Она вытерла слезы вафельным полотенцем. Спросила:
— А как Коля? Пишет?
И я сказал ей, что на Колю еще в августе пришла похоронка. Она заплакала сильнее и отвернулась к закопченной кухонной стене.
Я прошел в комнату. Ребята спали на одной кровати. Маленькая сестричка была сурова во сне, кулаки ее были сжаты. У четырехлетнего братца были подняты брови, он чему-то удивлялся. Он был радостным мальчиком, он во всем видел радость — в пауке, в поливальной машине. Глаза его были такими большими и сверкающе чистыми, что казалось, будто он не смотрит на мир, но освещает его. И ладошки его были всегда открыты, чтобы поделиться.
Я бы тоже заплакал, если бы умел это делать. Я понял сердцем, а может быть, поддыхалом, что с ним я прощаюсь. Его звали Сережа.
Когда у тети Вали родился сын Сережка, Коля еще вписывался в их семью, даже придавал ей некую динамику. У женщин, не предназначенных для профсоюзных дебатов, но предназначенных для материнства, любовь, безусловно, избыточна, и ее хватает на многих детей. У тети Вали любви было много, но какой-то главной — для двоих. Она любила нас, когда нас было двое, она любила Сережу и Колю, когда их было двое. Я, поняв себя гостем, гостем себя и вел. Когда же родилась у тети Вали дочка, ее любовь целиком излилась на ее маленьких ребятишек. Это совсем не значит, что она стала хуже относиться к Коле, просто любовь ее стала другой. Она так и сказала моей матери. Она часто к ней приходила. Она пришла перед тем, как выйти за отца замуж. Кстати, отец ей и адрес наш дал. Мать ей тогда сказала:
— Смотри, Валентина, он подлец. Рассчитывай на себя. Он подлец мелкий, даже не вредный. Но если ты хочешь для сердца — найди себе широкоплечего.

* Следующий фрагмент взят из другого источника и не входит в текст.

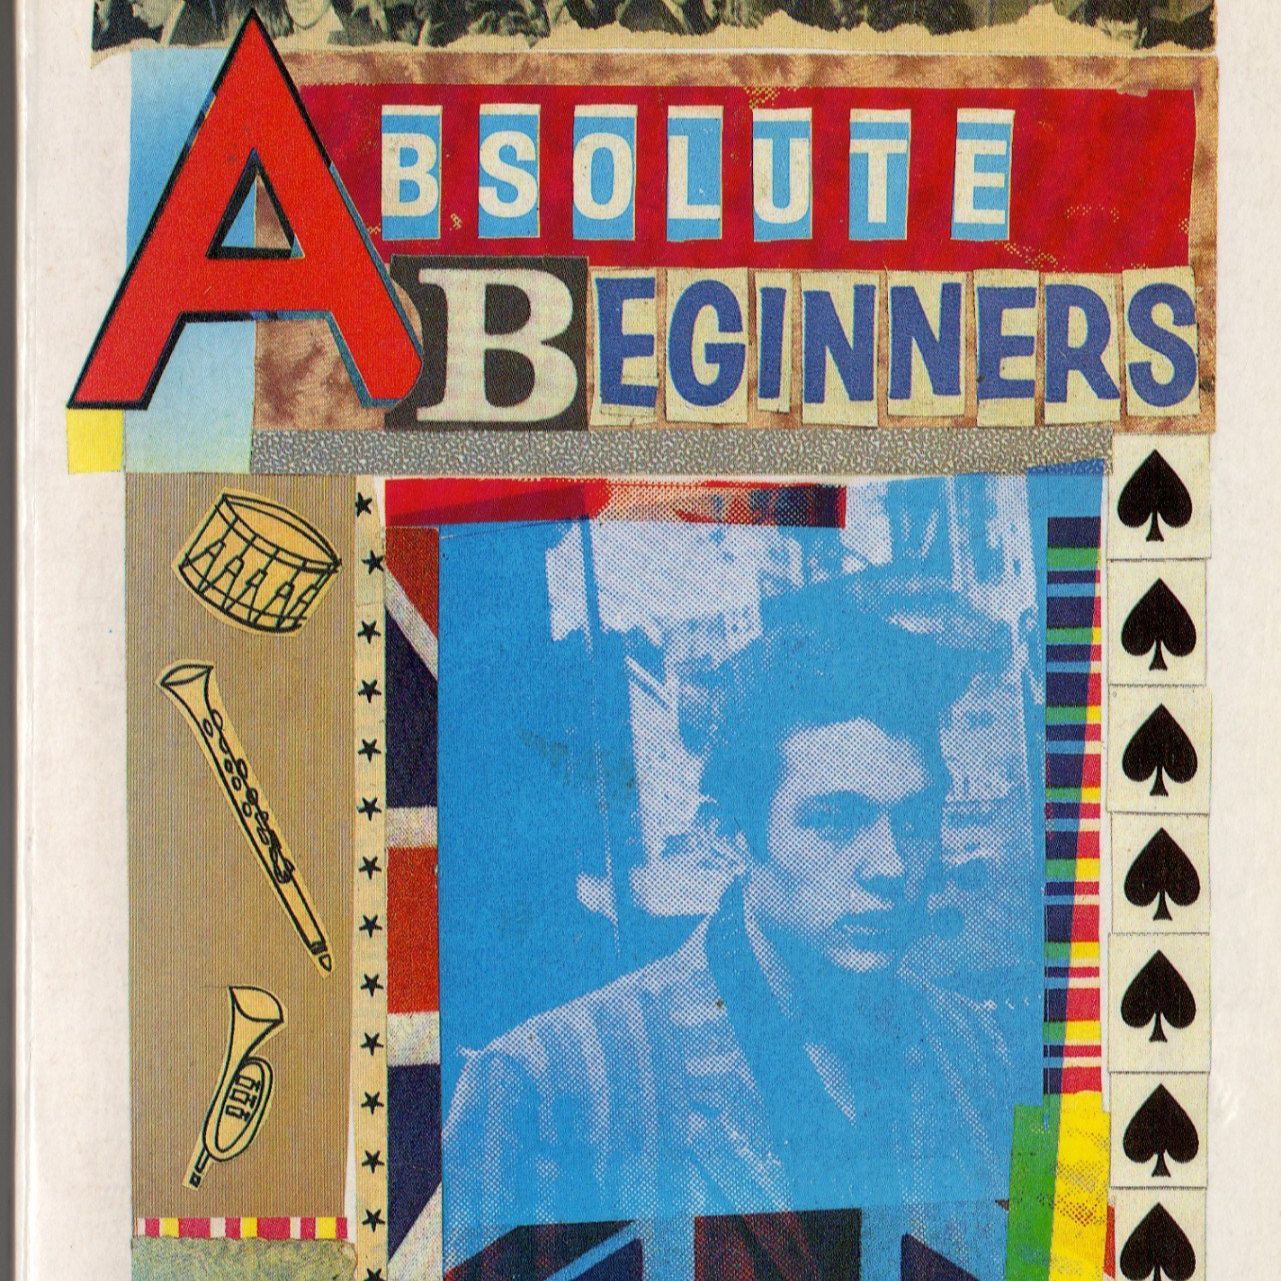 Absolute Beginners - Colin MacInnes

— Широкоплечий был, — сказала тогда тетя Валя. — Погиб при пожаре.
Тетя Валя приехала в Ленинград из Нижнего Новгорода, была у нее коса толстая, гребенка черепаховая и коробка стекляруса.
Придя к матери перед Колиным к нам переселением, тетя Валя созналась:
— Я люблю Колю, но уже как вашего сына.
— А раньше как любила? — спросила моя мать.
— Как своего.
— Добрая ты баба, Валентина, — сказала мать и поцеловала ее в темя. — А Коля как?
— Он почувствовал… Я чувствую, что почувствовал…
— Ну и ладно, — сказала мать. — Да и пора ему ко мне возвращаться.
И Коля пришел, наглаженный, отутюженный, высокий, стройный, с плащом через руку.
Ребята спали в неведении своей судьбы. Я смотрел на них, и тетя Валя неслышно дышала мне в ухо, так неслышно, что я повернулся к ней — дышит ли? Глаза ее, и без того большие, темные, были огромными. Они уже смотрели с неба.